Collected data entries
┄┄┄┄┄┄
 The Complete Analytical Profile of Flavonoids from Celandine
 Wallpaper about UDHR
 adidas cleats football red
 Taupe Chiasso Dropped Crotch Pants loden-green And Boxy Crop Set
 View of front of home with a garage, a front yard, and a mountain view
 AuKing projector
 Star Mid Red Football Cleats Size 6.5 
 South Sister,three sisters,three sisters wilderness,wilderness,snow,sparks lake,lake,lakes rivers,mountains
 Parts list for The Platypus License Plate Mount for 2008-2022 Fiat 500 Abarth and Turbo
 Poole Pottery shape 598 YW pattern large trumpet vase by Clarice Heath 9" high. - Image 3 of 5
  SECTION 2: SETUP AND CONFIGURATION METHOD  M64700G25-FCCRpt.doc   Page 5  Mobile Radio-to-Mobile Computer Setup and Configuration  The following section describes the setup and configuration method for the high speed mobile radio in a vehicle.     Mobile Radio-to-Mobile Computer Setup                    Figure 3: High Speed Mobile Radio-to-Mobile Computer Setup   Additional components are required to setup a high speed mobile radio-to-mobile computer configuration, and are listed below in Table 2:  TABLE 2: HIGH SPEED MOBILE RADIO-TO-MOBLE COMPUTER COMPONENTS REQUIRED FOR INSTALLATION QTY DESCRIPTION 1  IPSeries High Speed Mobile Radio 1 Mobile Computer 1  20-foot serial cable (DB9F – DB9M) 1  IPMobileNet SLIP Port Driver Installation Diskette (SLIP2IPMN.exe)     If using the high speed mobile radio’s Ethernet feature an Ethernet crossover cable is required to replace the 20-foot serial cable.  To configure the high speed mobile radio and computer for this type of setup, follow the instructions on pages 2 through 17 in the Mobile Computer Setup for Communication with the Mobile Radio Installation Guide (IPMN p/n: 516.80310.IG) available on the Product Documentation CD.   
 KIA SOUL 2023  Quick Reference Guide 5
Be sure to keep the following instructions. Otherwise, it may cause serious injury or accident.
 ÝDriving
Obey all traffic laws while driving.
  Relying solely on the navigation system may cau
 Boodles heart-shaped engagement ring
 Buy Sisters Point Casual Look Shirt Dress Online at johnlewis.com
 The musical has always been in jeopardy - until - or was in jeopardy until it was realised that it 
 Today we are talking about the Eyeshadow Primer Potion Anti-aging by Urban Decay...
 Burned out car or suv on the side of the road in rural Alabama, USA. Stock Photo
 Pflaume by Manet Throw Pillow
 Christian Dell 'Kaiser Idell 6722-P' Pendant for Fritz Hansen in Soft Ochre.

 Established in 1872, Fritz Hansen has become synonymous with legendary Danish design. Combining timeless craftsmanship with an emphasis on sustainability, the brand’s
┄┄┄┄┄┄
:: TASK DIRECTIONS ::
Repeat every entry exactly, please.

:: THE COMPLETED TASK ::
 The Complete Analytical Profile of Flavonoids from Celandine
 Wallpaper about UDHR
 adidas cleats football red
 Taupe Chiasso Dropped Crotch Pants loden-green And Boxy Crop Set
 View of front of home with a garage, a front yard, and a mountain view
 AuKing projector
 Star Mid Red Football Cleats Size 6.5 
 South Sister,three sisters,three sisters wilderness,wilderness,snow,sparks lake,lake,lakes rivers,mountains
 Parts list for The Platypus License Plate Mount for 2008-2022 Fiat 500 Abarth and Turbo
 Poole Pottery shape 598 YW pattern large trumpet vase by Clarice Heath 9" high. - Image 3 of 5
  SECTION 2: SETUP AND CONFIGURATION METHOD  M64700G25-FCCRpt.doc   Page 5  Mobile Radio-to-Mobile Computer Setup and Configuration  The following section describes the setup and configuration method for the high speed mobile radio in a vehicle.     Mobile Radio-to-Mobile Computer Setup                    Figure 3: High Speed Mobile Radio-to-Mobile Computer Setup   Additional components are required to setup a high speed mobile radio-to-mobile computer configuration, and are listed below in Table 2:  TABLE 2: HIGH SPEED MOBILE RADIO-TO-MOBLE COMPUTER COMPONENTS REQUIRED FOR INSTALLATION QTY DESCRIPTION 1  IPSeries High Speed Mobile Radio 1 Mobile Computer 1  20-foot serial cable (DB9F – DB9M) 1  IPMobileNet SLIP Port Driver Installation Diskette (SLIP2IPMN.exe)     If using the high speed mobile radio’s Ethernet feature an Ethernet crossover cable is required to replace the 20-foot serial cable.  To configure the high speed mobile radio and computer for this type of setup, follow the instructions on pages 2 through 17 in the Mobile Computer Setup for Communication with the Mobile Radio Installation Guide (IPMN p/n: 516.80310.IG) available on the Product Documentation CD.   
 KIA SOUL 2023  Quick Reference Guide 5
Be sure to keep the following instructions. Otherwise, it may cause serious injury or accident.
 ÝDriving
Obey all traffic laws while driving.
  Relying solely on the navigation system may cau
 Boodles heart-shaped engagement ring
 Buy Sisters Point Casual Look Shirt Dress Online at johnlewis.com
 The musical has always been in jeopardy - until - or was in jeopardy until it was realised that it 
 Today we are talking about the Eyeshadow Primer Potion Anti-aging by Urban Decay...
 Burned out car or suv on the side of the road in rural Alabama, USA. Stock Photo
 Pflaume by Manet Throw Pillow
 Christian Dell 'Kaiser Idell 6722-P' Pendant for Fritz Hansen in Soft Ochre.

 Established in 1872, Fritz Hansen has become synonymous with legendary Danish design. Combining timeless craftsmanship with an emphasis on sustainability, the brand’s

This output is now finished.